Without the pictures, write out all the lines below exactly as they appear.

[SOURCE MATERIAL]

--

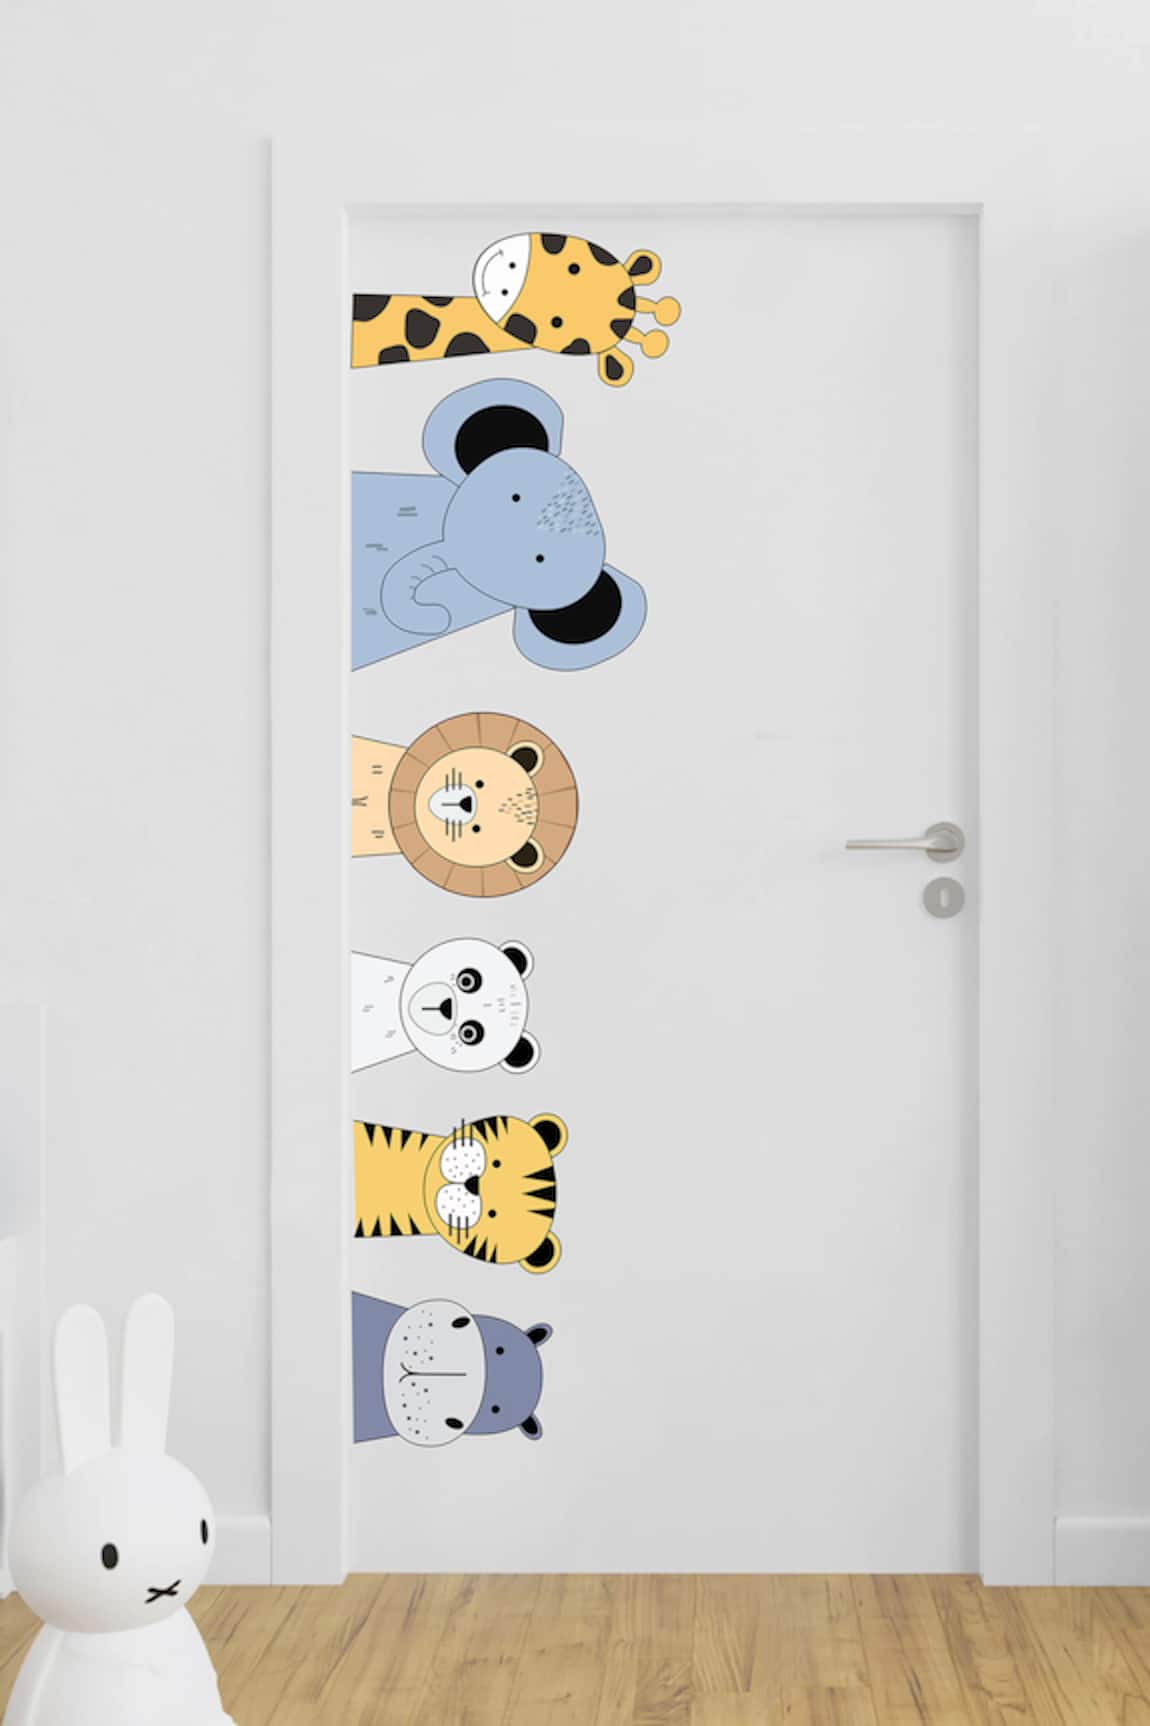 My Kids Wall Peeping Safari Animals Door Wall Stickers 6 Pcs Set
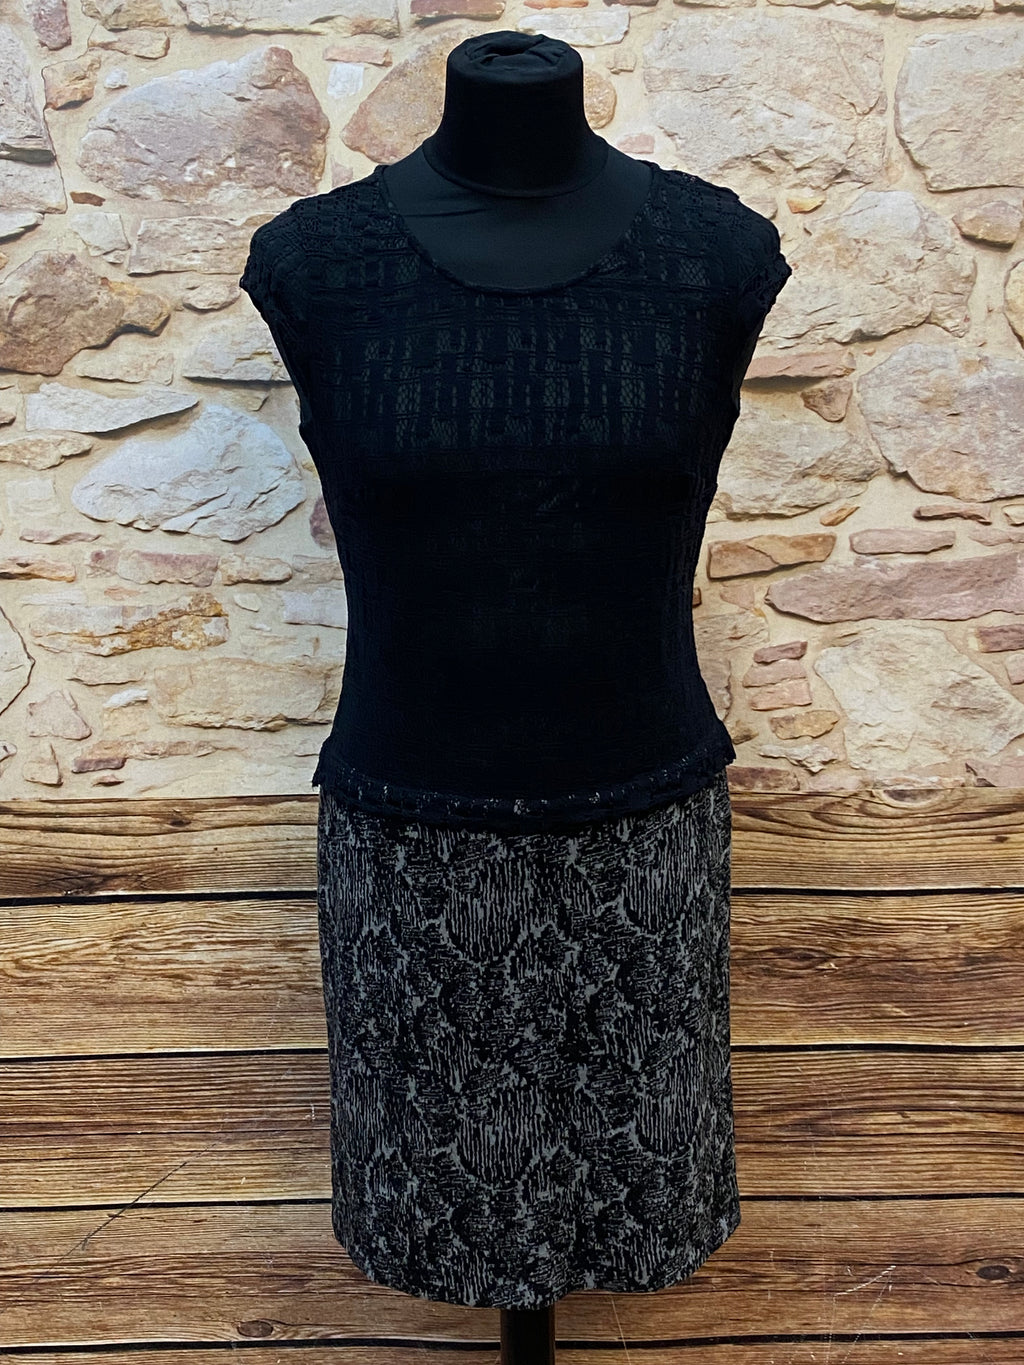 Schwarz/weißes  Kleid im 40er Jahre Stil, Vintage tiefe Taille Gr.40
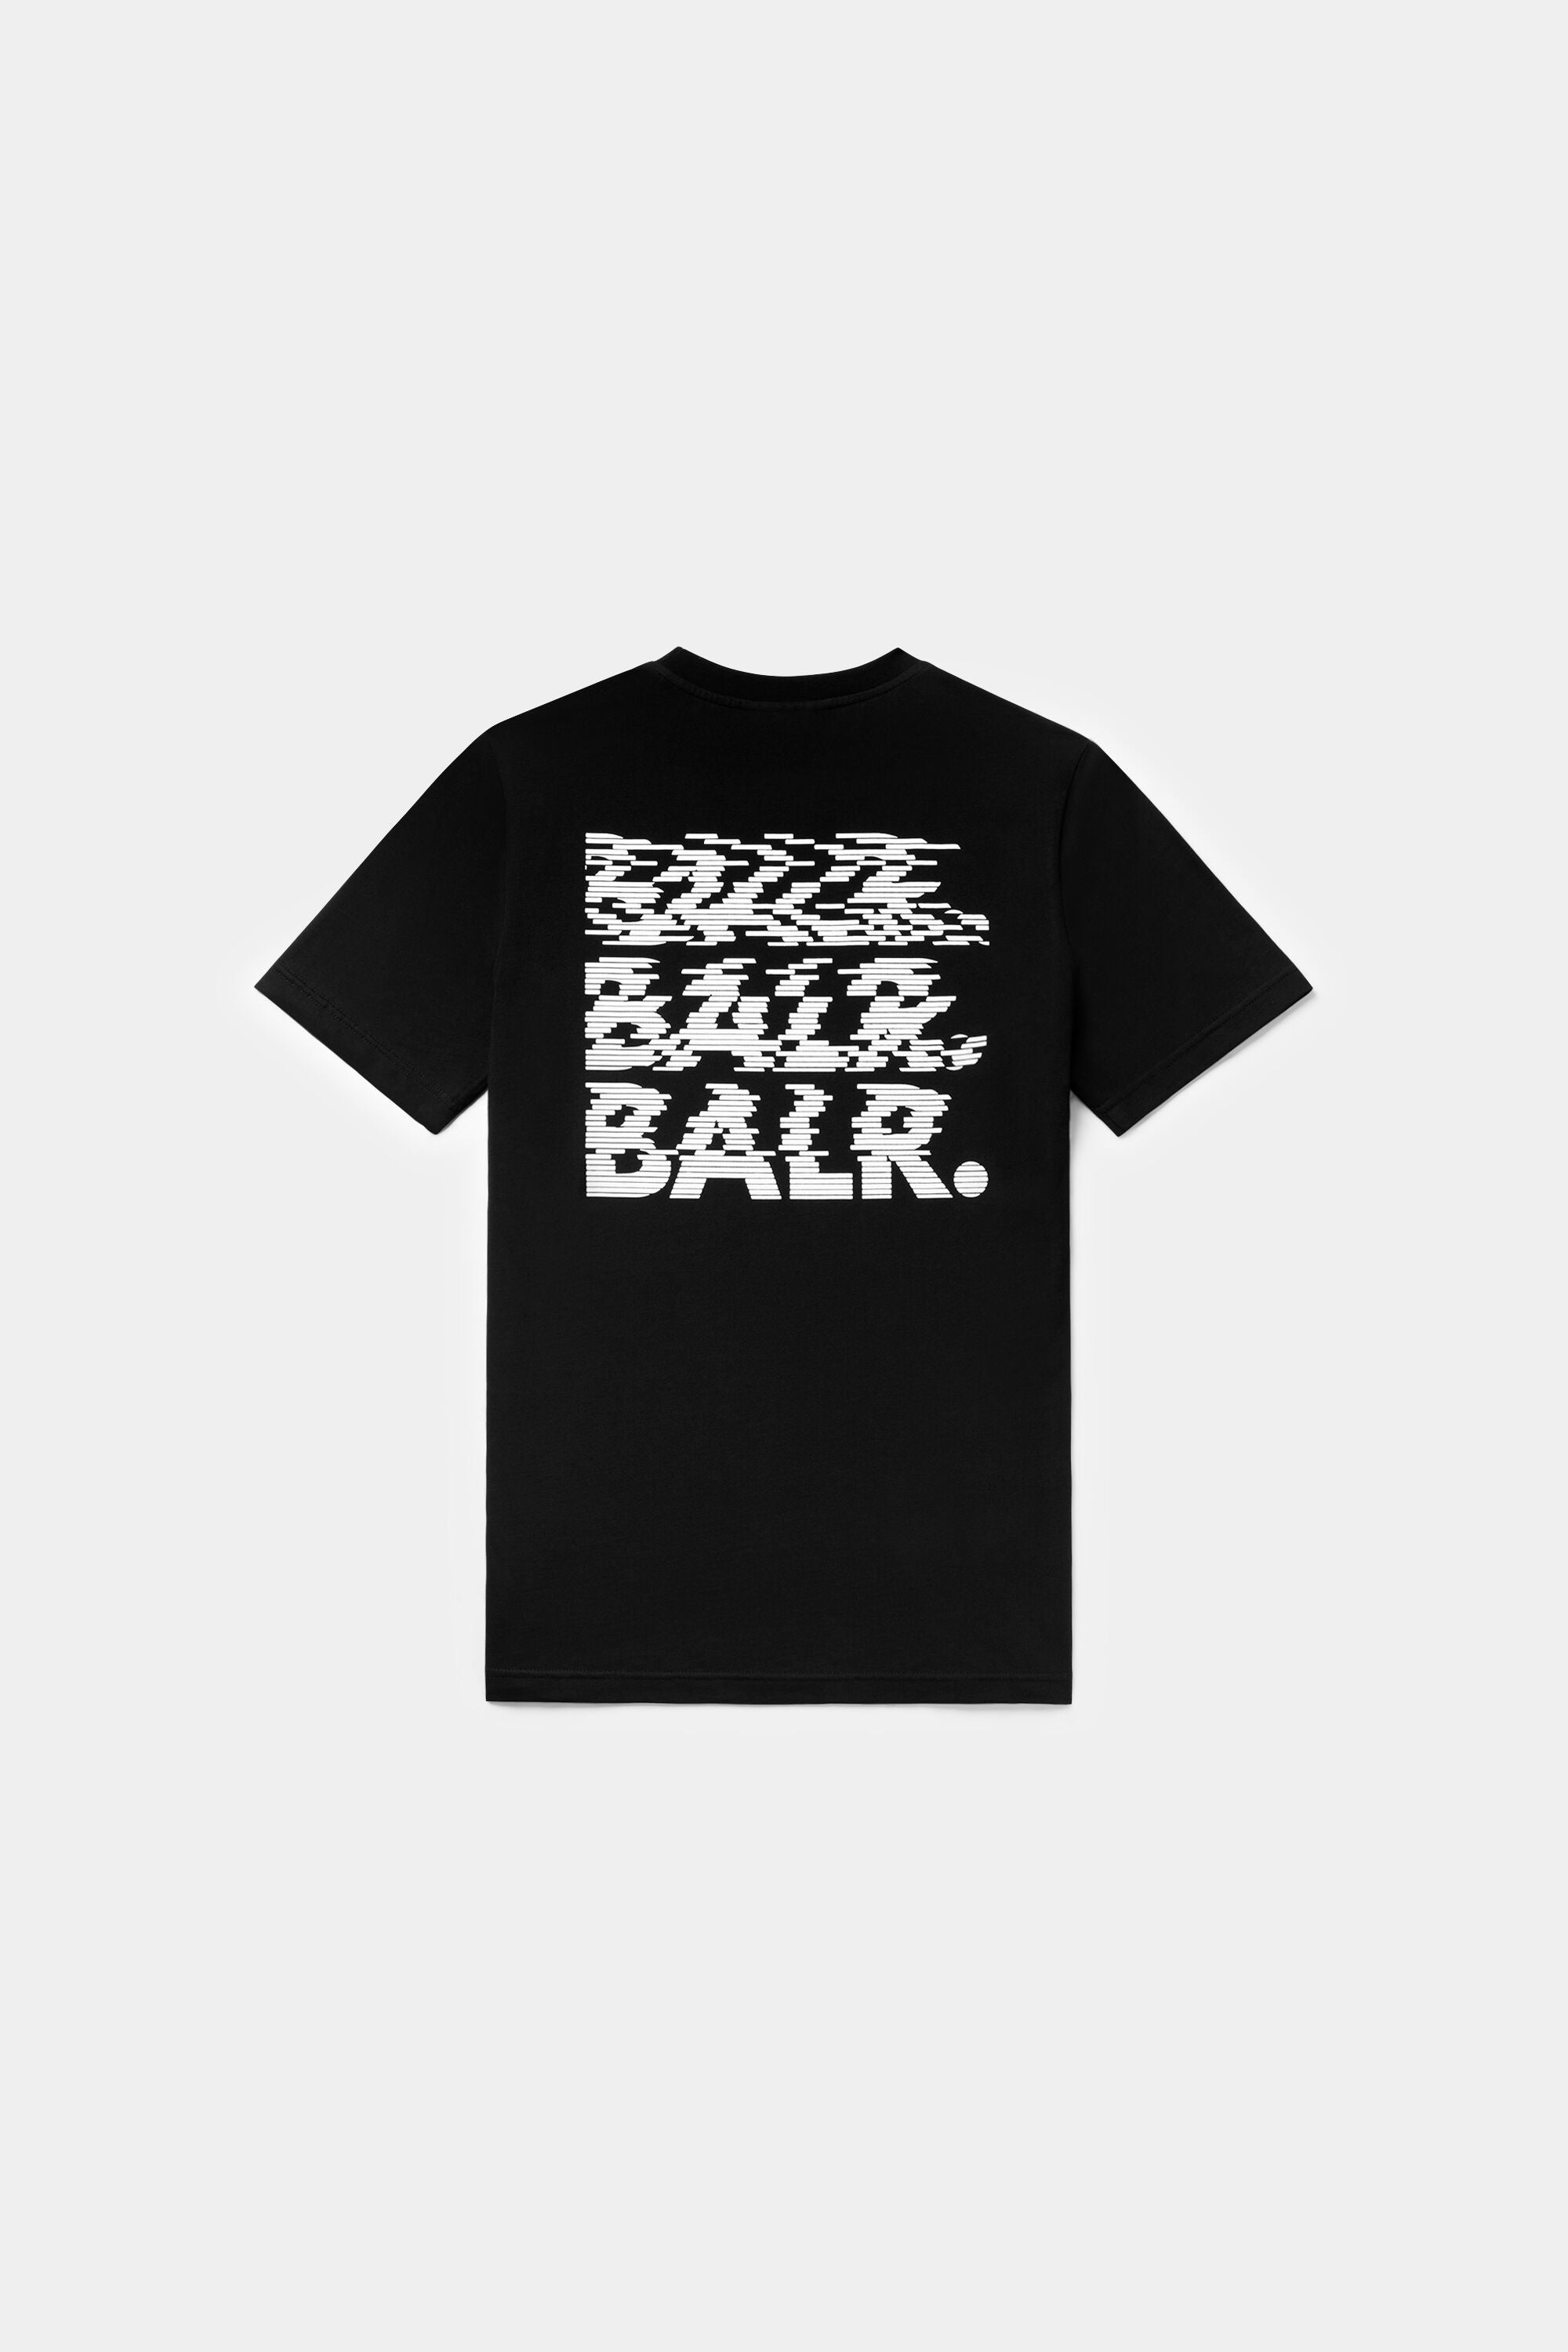 BALR. Glitch Regular Fit T-Shirt Jet Black

--

[RESPONSE BOX]
 My Kids Wall Peeping Safari Animals Door Wall Stickers 6 Pcs Set
 Schwarz/weißes  Kleid im 40er Jahre Stil, Vintage tiefe Taille Gr.40
 BALR. Glitch Regular Fit T-Shirt Jet Black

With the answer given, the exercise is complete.